Oracle provides tools for database refresh including:

  • Oracle RMAN
  • Data Pump

Oracle Database Patching

One of the tedious and time-consuming tasks that an Oracle DBA would have to perform as part of his or her responsibilities is patching databases to apply system patches, Patch Set Update (PSU), Security Patch Update (SPU) or Critical Patch Update (CPU) patches.

Patches need to be applied in a very safe manner and there are many factors that need to be taken into consideration when applying database patches namely liaising with business unit application owners for outage window, a good backup and restore mechanism in place in case it needed to roll back from a failed patching exercise. Otherwise, you might require a full system restore which results in a long drawn outage with potential revenue loss.

Starting with Oracle Database 11g Release 2 (11.2), Oracle ASM is installed as part of an Oracle Grid Infrastructure installation.

Patching Single-Instance databases using Grid Infrastructure requires patching the Grid Infrastructure binaries, or the RDBMS binaries, or both depending on the patch type. See “Introduction to OPatch and Patching” for more information.

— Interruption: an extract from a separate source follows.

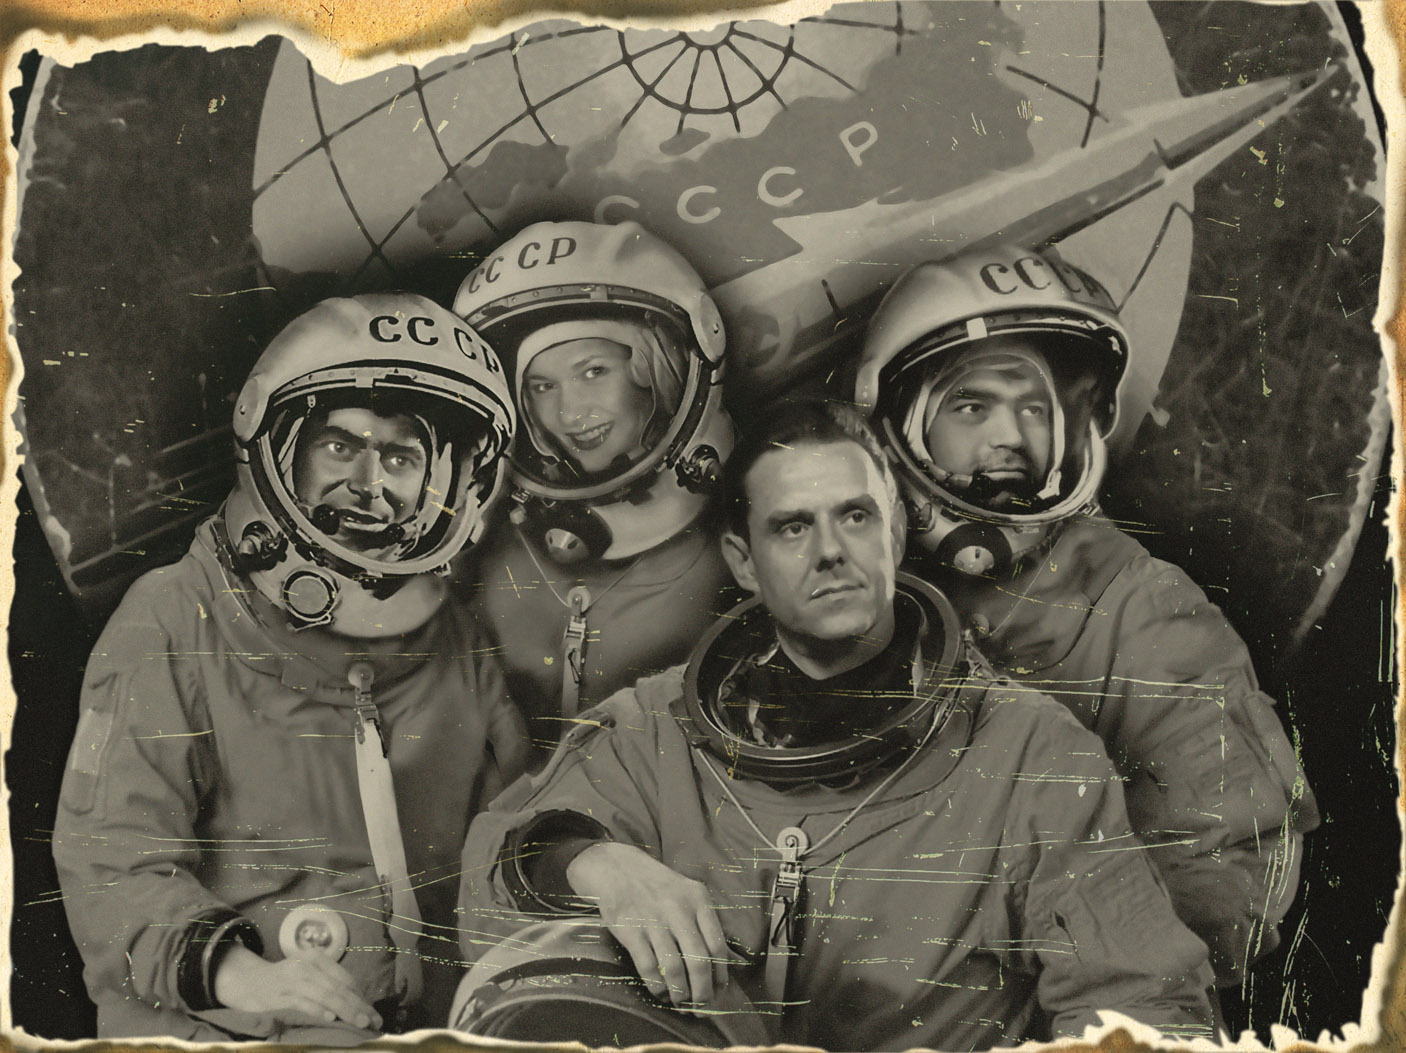 cosmo crew 01 small.jpg

In case of patching an Oracle Real Application Cluster (RAC), Oracle provides the flexibility of doing a Rolling Patch upgrade where RAC nodes are patched one by one, thereby avoiding taking down the entire cluster for the patching process ensuring that SLAs are met and uptime is guaranteed. See “Database Upgrade” for more information.

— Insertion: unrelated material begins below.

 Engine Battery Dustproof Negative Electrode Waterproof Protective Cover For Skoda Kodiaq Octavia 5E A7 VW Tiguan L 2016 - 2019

See My Oracle Support document for more information on “Rolling Patch—OPatch Support for RAC (Doc ID 244241.1)”.

Solution Configuration

This section introduces the resources and configurations for the solution including architecture diagram, hardware & software resources and other relevant VM and storage configurations.

Architecture Diagram

This section introduces the resources and configurations for the solution including:

  • Architecture diagram 
  • Hardware resources
  • Software resources
  • Network configuration
  • Single-Instance Database VM and Database Storage Configuration
  • RAC Database VM and database storage configuration
  • Recovery Database VM and database storage configuration

Note: This solution configuration was done using Oracle 12.1.0.2 and VMware vSAN 6.6. The process of Cloning, Snapshots and Backup is not specific to any particular version of Oracle and VMware vSAN.

Architecture Diagram

As shown in Figure 3, the key designs for the vSAN Cluster solution for Oracle database were:

vSAN Cluster for Oracle Database Solution

Figure 3. vSAN Cluster for Oracle Database Solution

Hardware Resources

Table 3 shows the hardware resources used in this solution.

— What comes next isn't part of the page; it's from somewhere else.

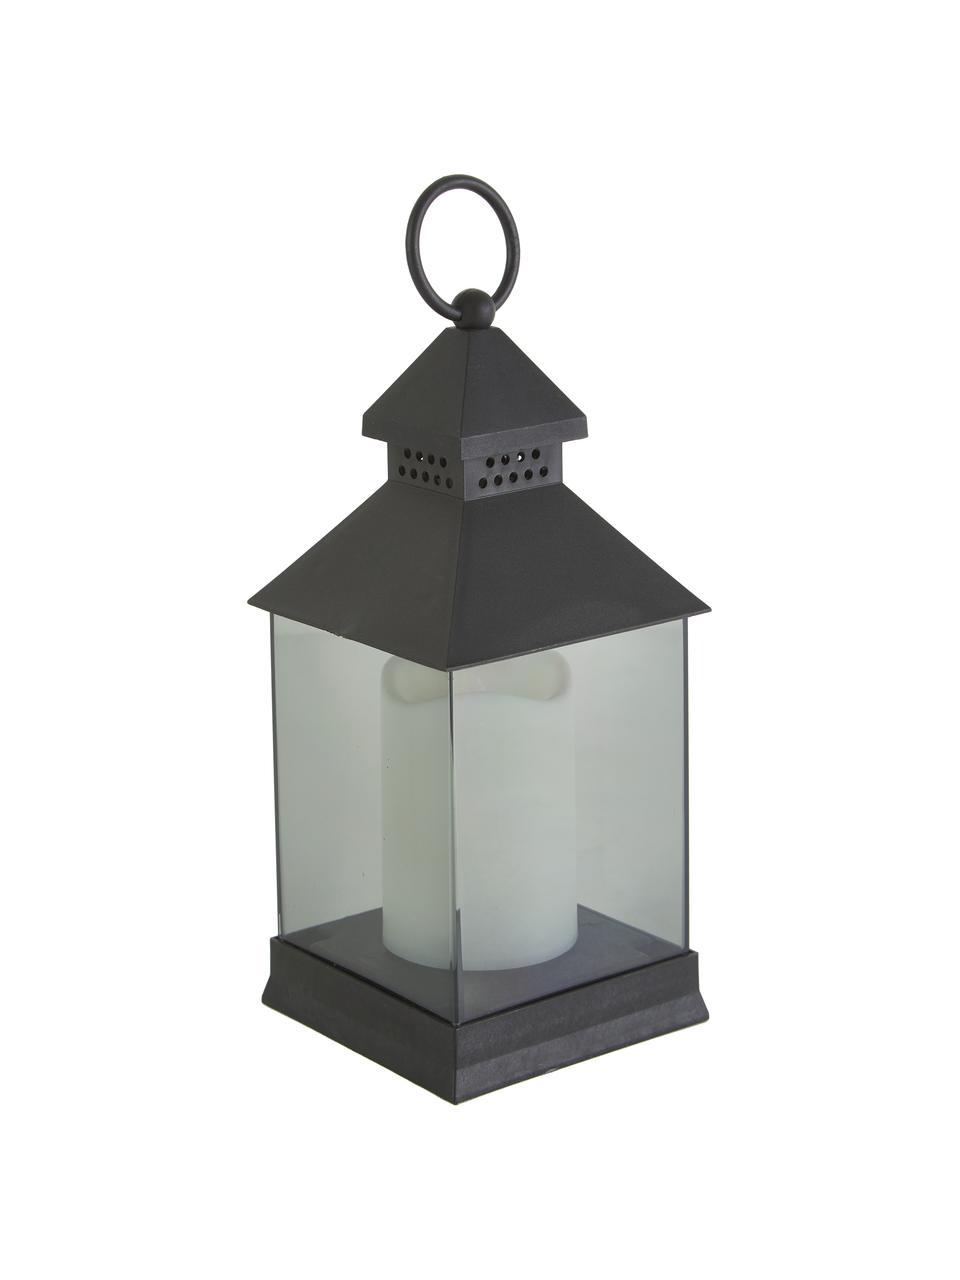 Lanterna portatile con candela a LED Flam 6 pz, Struttura: materiale sintetico, Paralume: acrilico, Nero, Larg. 10 x Alt. 25 cm

Table 3. Hardware Resources

DESCRIPTION SPECIFICATION
Server 4 x ESXi Server
Server Model Cisco UCS-C240-M4S
CPU 2 sockets with 16 cores, each of Intel CPU E5-2698 v3 2.30GHz with hyper-threading enabled
RAM 384GB DDR4 RDIMM
Storage controller 1 x 12G SAS Modular RAID Controller
Disks 8 x 800GB SAS SSD, 6GBps
Network 2 x 10Gb port

The storage controller used in the operation guide supports the pass-through mode. The pass-through mode is the preferred mode for vSAN and it gives vSAN a complete control of the local SSDs attached to the storage controller.

Software Resources

Table 4 shows the software resources used in this solution.

Table 4. Software Resources

SOFTWARE VERSION PURPOSE
VMware vCenter Server® and ESXi 6.5.0d ESXi cluster to host virtual machines and provide vSAN Cluster. VMware vCenter Server provides a centralized platform for managing VMware vSphere environments
VMware vSAN 6.6 Software-defined storage solution for hyperconverged infrastructure
Oracle Linux 7.3 Oracle database server nodes
Oracle Database 12c 12.1.0.2.0 Oracle database
Oracle Workload Generator for OLTP SLOB 2.3 To generate OLTP workload

Network Configuration

A VMware vSphere Distributed Switch™ (VDS) acts as a single virtual switch across all associated hosts in the data cluster. This setup allows virtual machines to maintain a consistent network configuration as they migrate across multiple hosts. The vSphere Distributed Switch uses two 10GbE adapters per host as shown in Figure 4.

vSphere Distributed Switch Port Group Configuration in All-Flash vSAN

Figure 4. vSphere Distributed Switch Port Group Configuration in All-Flash vSAN

A port group defines properties regarding security, traffic shaping, and NIC teaming. Jumbo frames (MTU=9000 bytes) was enabled on the vSAN and vSphere vMotion interface and the default port group setting was used. Figure 4 shows the distributed switch port groups created for different functions and the respective active and standby uplinks to balance traffic across the available uplinks. Three port groups were created:

  • VM Management port group for VMs
  • vSAN port group for kernel port used by vSAN traffic
  • vSphere vMotion port group for kernel port used by vSphere vMotion traffic

For vSAN network design best practices, see VMware vSAN Network Design.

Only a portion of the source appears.